Please tell us about your current release:
Devil Days in Deadwood (Book 11 of the Deadwood Humorous Mystery Series)
“Hell is empty and all the devils are here.” ~William Shakespeare
Violet Parker knows better than to play with devils. They always cheat, especially when lives are at stake. Deadwood’s charming, troublemaking, and soul-sucking devils are no different, and they’re biting at her heels.
But the clock is ticking and Violet has no choice—she must risk her life to save her treasured Aunt Zoe. With any luck, she might be able to trick the devils and beat the old terrors at their own game. If not, Deadwood could end up short one Executioner.
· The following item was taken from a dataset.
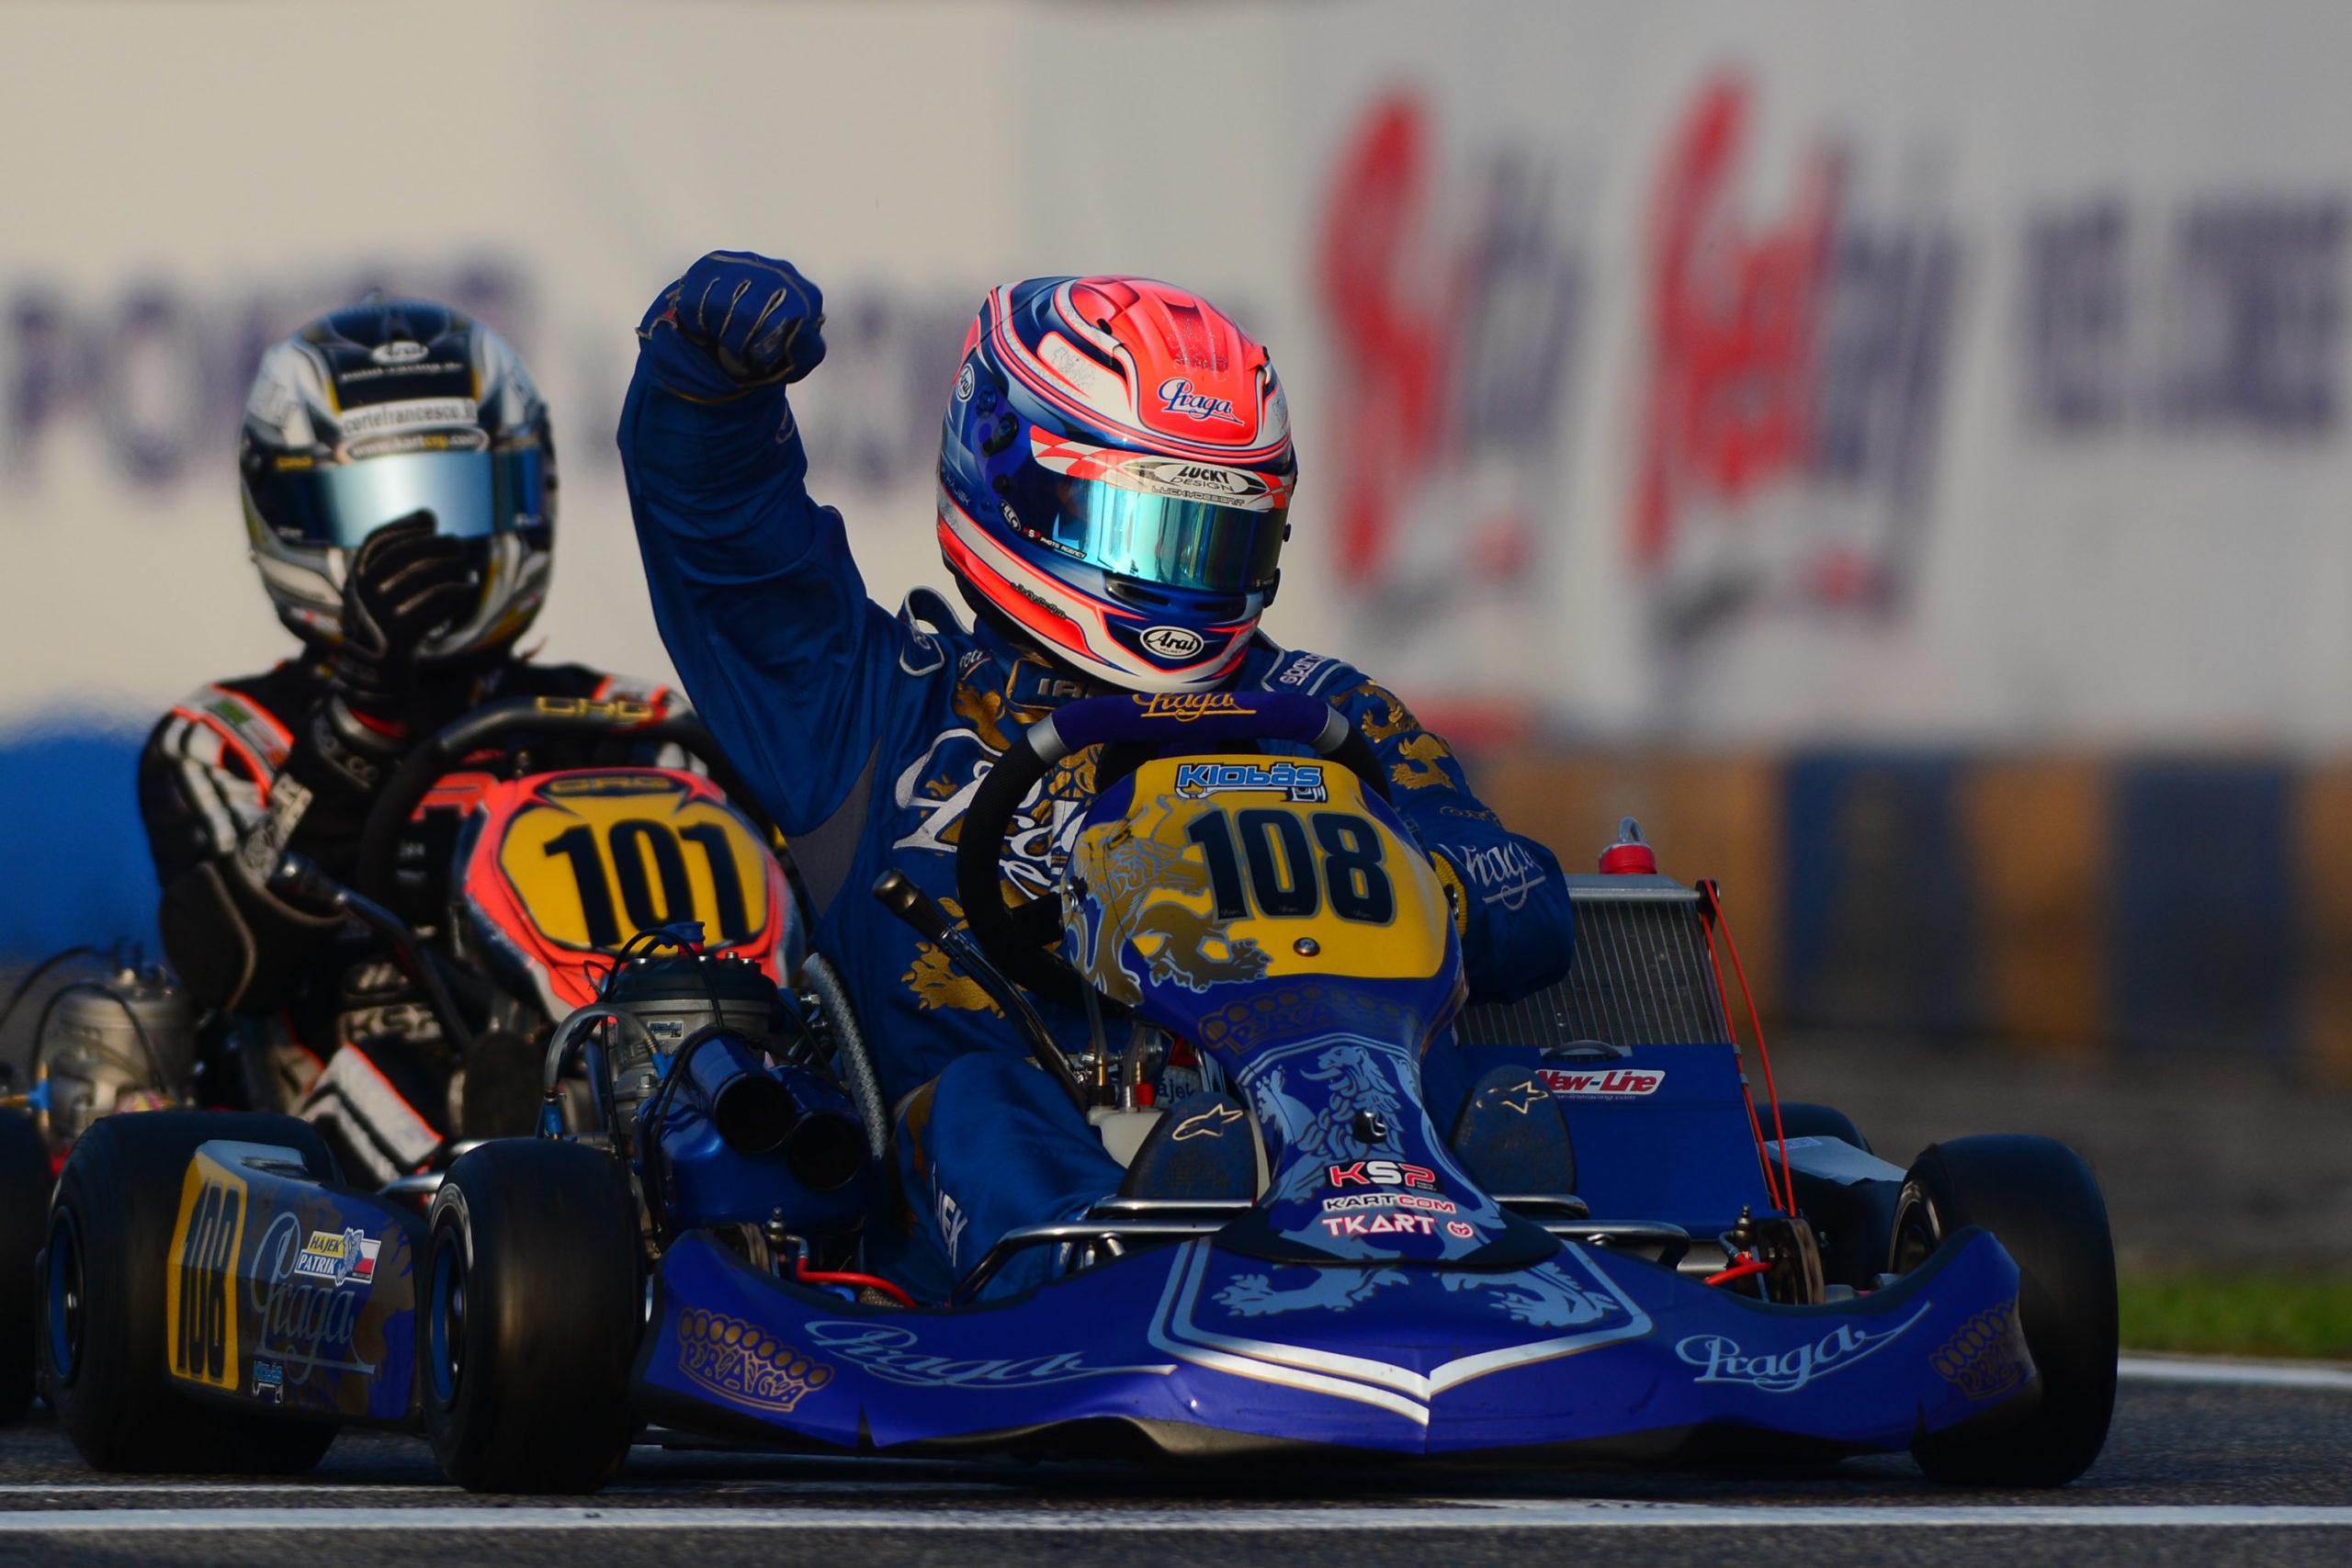 PRAGA KART RACING WINS IN KZ2

“Executioners don’t duck, they swing.” ~Violet Parker
What inspired you to write this book?
(Since this book is part of a series, I’ll answer this for the series.) I spent a lot of time growing up in the Black Hills of South Dakota, especially around the town of Deadwood. While my mom worked at a tourist shop every day, I would spend time visiting museums and hanging out in the library and exploring the little nooks and crannies around town. Many years later, I was visiting my mom while pregnant with my second child and wondered what it would be like to be a single mother trying to make a living selling real estate in the Old West town. Deadwood is notorious for its history of gold fever and violence (and it is rumored to be full of ghosts), so the possibilities for fun and adventure in fiction are abundant.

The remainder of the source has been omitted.